Costretto a dimettersi nel 2015 a causa di una serie di scandali, Blatter non ha mai usato mezzi termini nei confronti del suo successore, lamentando lo scorso febbraio sul quotidiano tedesco Bild che la FIFA fosse «una dittatura», che «si riduce al suo presidente».

«Trump metterà in scena una trovata pubblicitaria» in occasione dei Mondiali del 2026 e «per questo ha bisogno del suo nuovo amico, il presidente della FIFA, Gianni Infantino. Anche se il termine complice sarebbe più appropriato di amico» aveva affermato con tono di critica.

Domenica, il laconico comunicato della FIFA che modificava la sanzione inflitta a Balogun, espulso durante gli ottavi di finale contro la Bosnia-Erzegovina e che potrà infine scendere in campo contro il Belgio, ha suscitato un'ondata di proteste.

La Federazione belga ha espresso il proprio «stupore» e ha dichiarato di stare valutando «tutte le possibili opzioni». «Non sapevo che il 5 luglio corrispondesse al 1. aprile della FIFA», ha aggiunto in conferenza stampa il commissario tecnico francese dei Diables Rouges, Rudi Garcia.

07:19
07:19
La Federcalcio brasiliana conferma la fiducia a Ancelotti

La Confederazione Brasiliana di Calcio (Cbf), ha confermato il pieno appoggio a Carlo Ancelotti alla guida della nazionale, anche dopo la sconfitta per 2-1 contro la Norvegia agli ottavi di finale della Coppa del Mondo 2026.Secondo il direttore esecutivo delle nazionali della Cbf, Rodrigo Caetano, il Brasile deve portare avanti un «ciclo nella normalità» fino alla Coppa del Mondo 2030, «con più calma», rispetto ai frequenti cambi di allenatori che hanno segnato gli ultimi quattro anni.

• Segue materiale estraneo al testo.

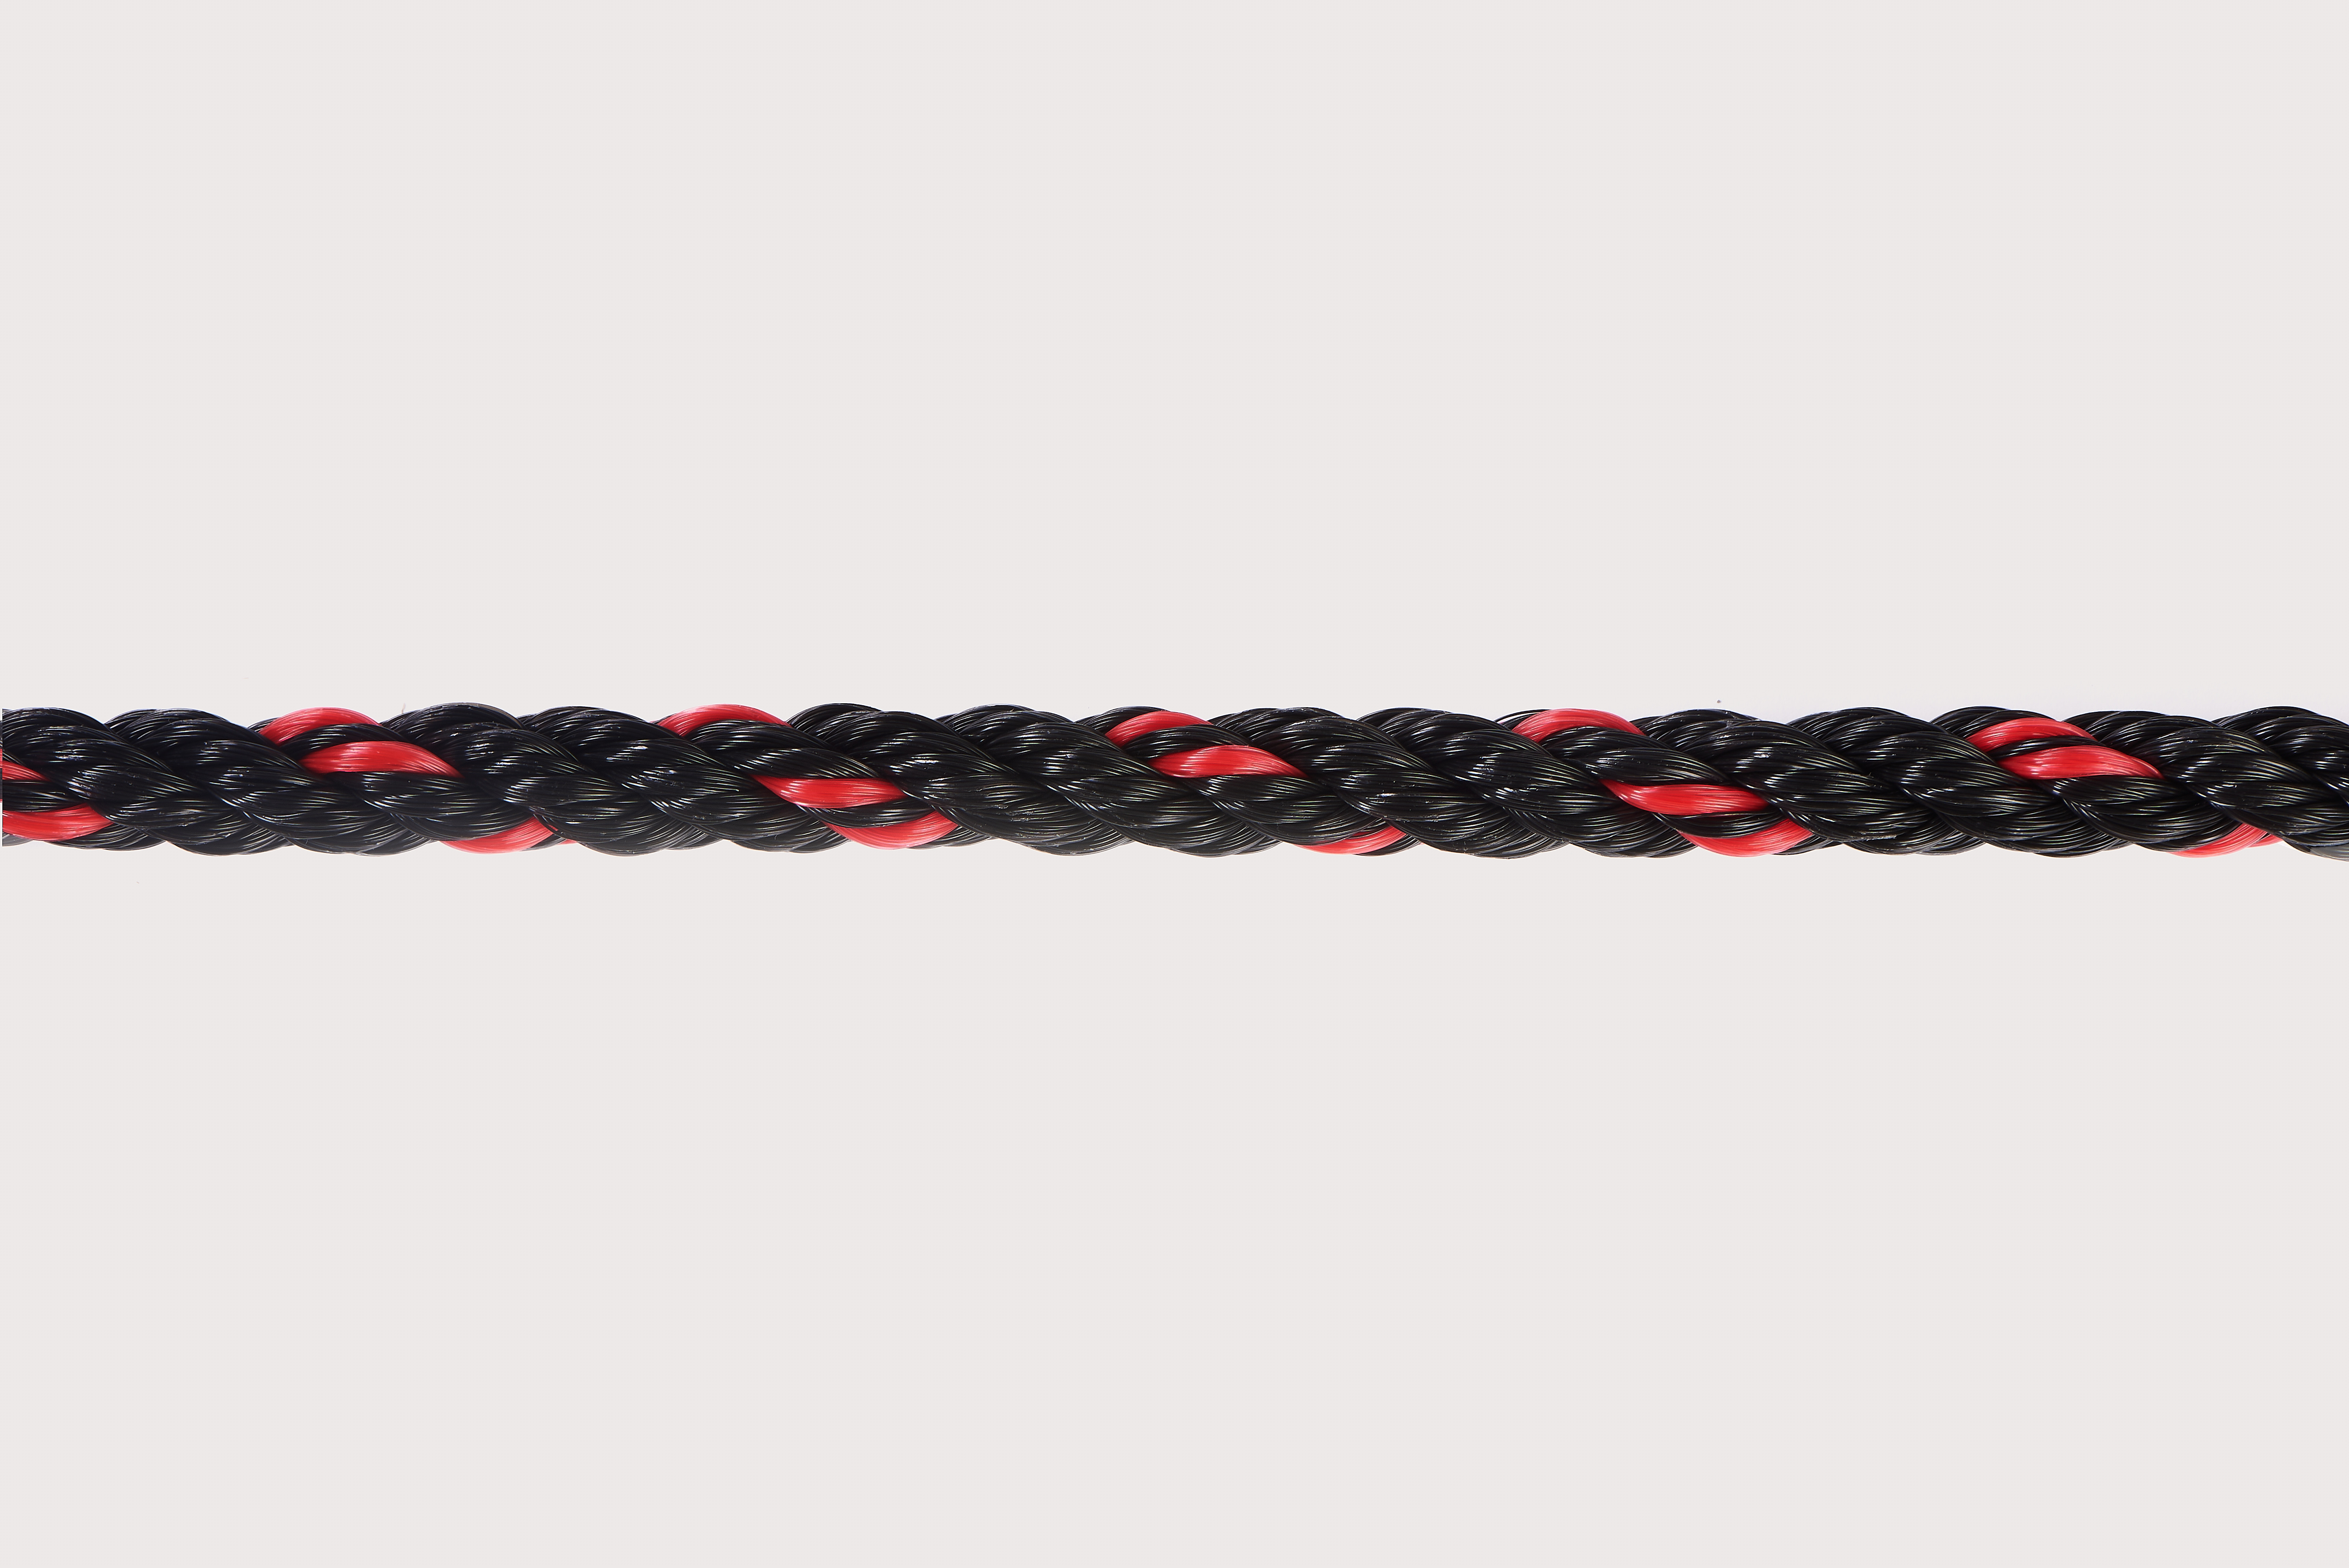 Orion-Cordage-3-Strand Monofilament Polypropylene-Black I Red-Horizontal149.jpg
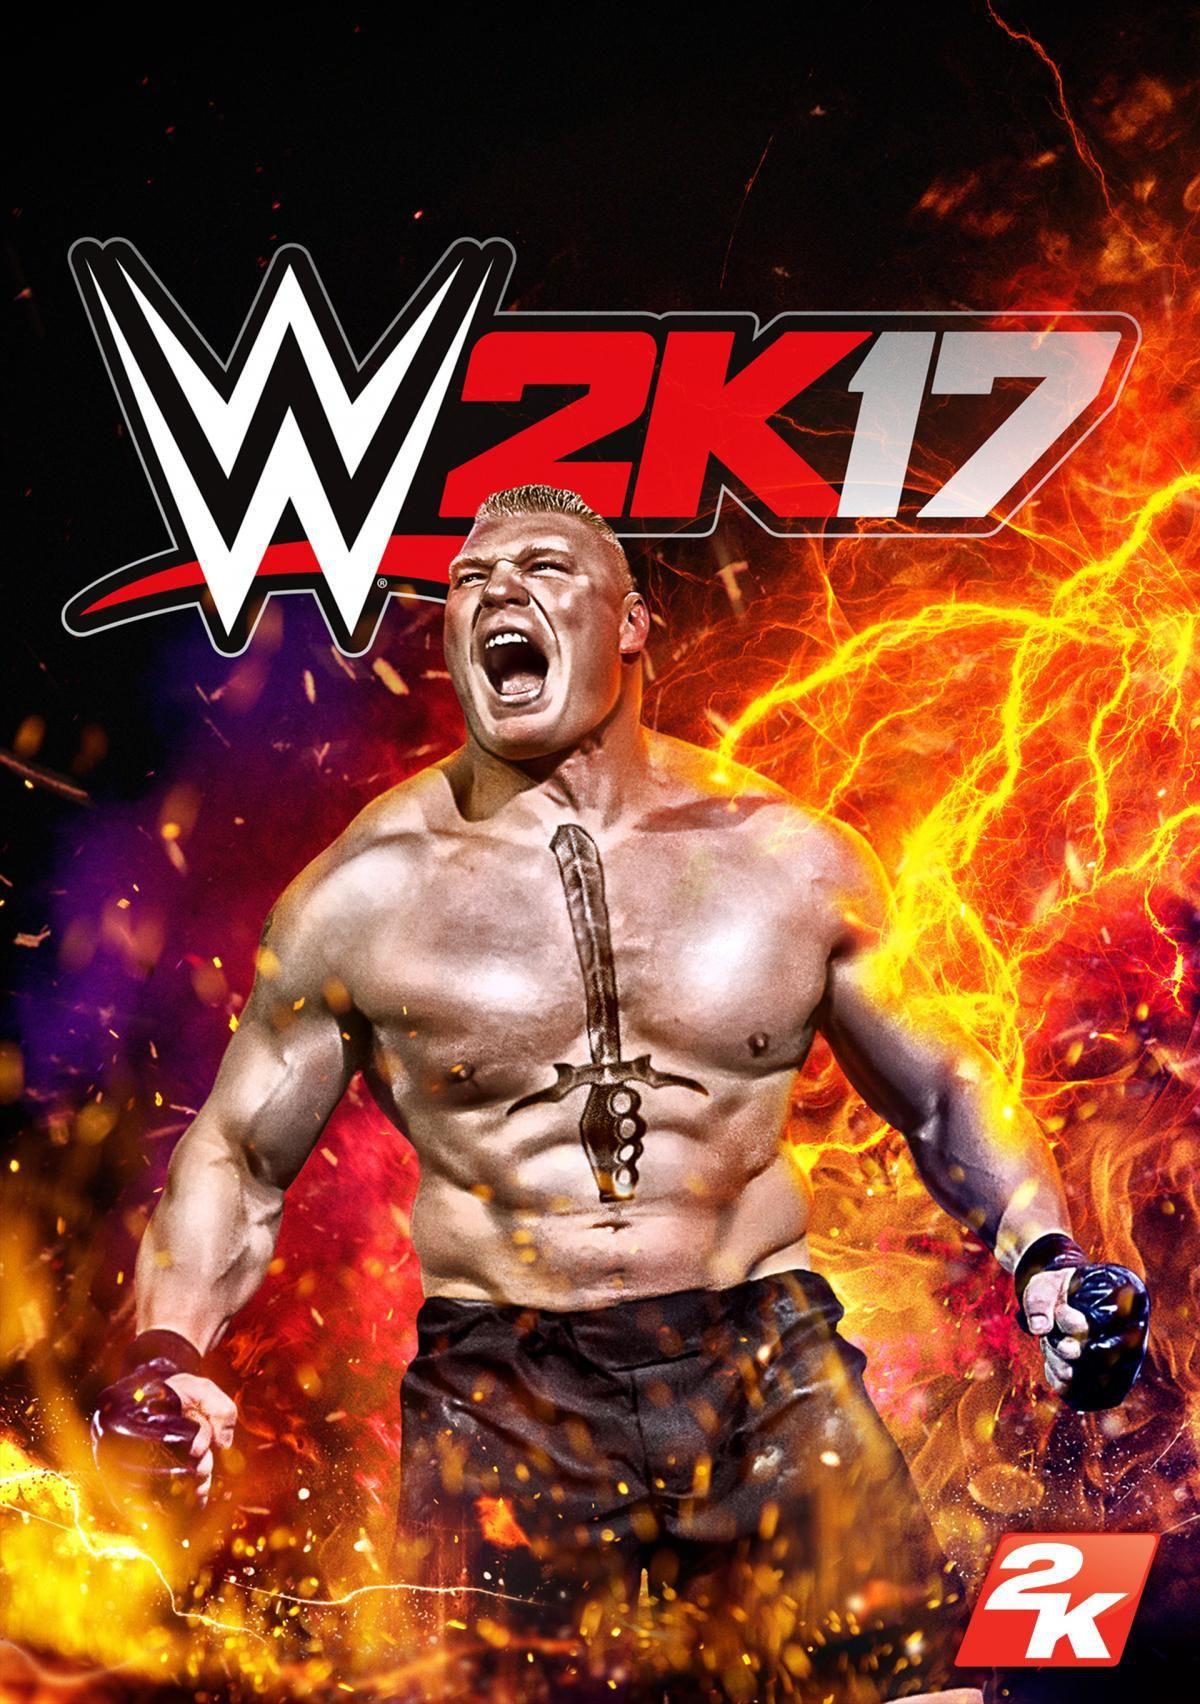 WWE 2k17 Cover look? #wwe #wwe2k17

«Con l'allenatore garantito per il prossimo ciclo, potremo iniziare a settembre la ricostruzione di una squadra, prendendo i lati positivi da questa Coppa e facendo gli aggiustamenti» ha detto il dirigente nella zona mista dopo la partita.Caetano ha evitato di incolpare Ancelotti per il fallimento contro la Norvegia e ha ricordato che l'allenatore è al comando da meno di un anno e mezzo e ha guidato la squadra solo in 12 partite prima della Coppa del Mondo. «Ecco perché la CBF farà l'opposto di quello che normalmente si fa. Ha già acquisito fiducia nel lavoro di Ancelotti anche prima della Coppa del Mondo», ha detto, riferendosi al recente rinnovo del contratto dell'allenatore italiano fino al 2030.

«Siamo usciti dalla Coppa con la sensazione che saremmo potuti andare meglio rispetto al passato, ma ora dobbiamo andare avanti. Non invalideremo il lavoro svolto finora,» ha concluso Caetano.

07:18
07:18
L'Inghilterra batte il Messico 3-2

L'Inghilterra batte il Messico 3-2 e si qualifica ai quarti di finale del Mondiale 2026. Doppietta di Jude Bellingham nel primo tempo al 34' e al 36' (esattamente ad 1 minuto 38 secondi di distanza) e Harry Kane su rigore al 60'. Per il Messico, rete di Julián Quiñones al 42' e di Raúl Jiménez al 60', su rigore. Dal 54', dopo il cartellino Rosso Jarell Quansah, l'Inghilterra è rimasta in 10.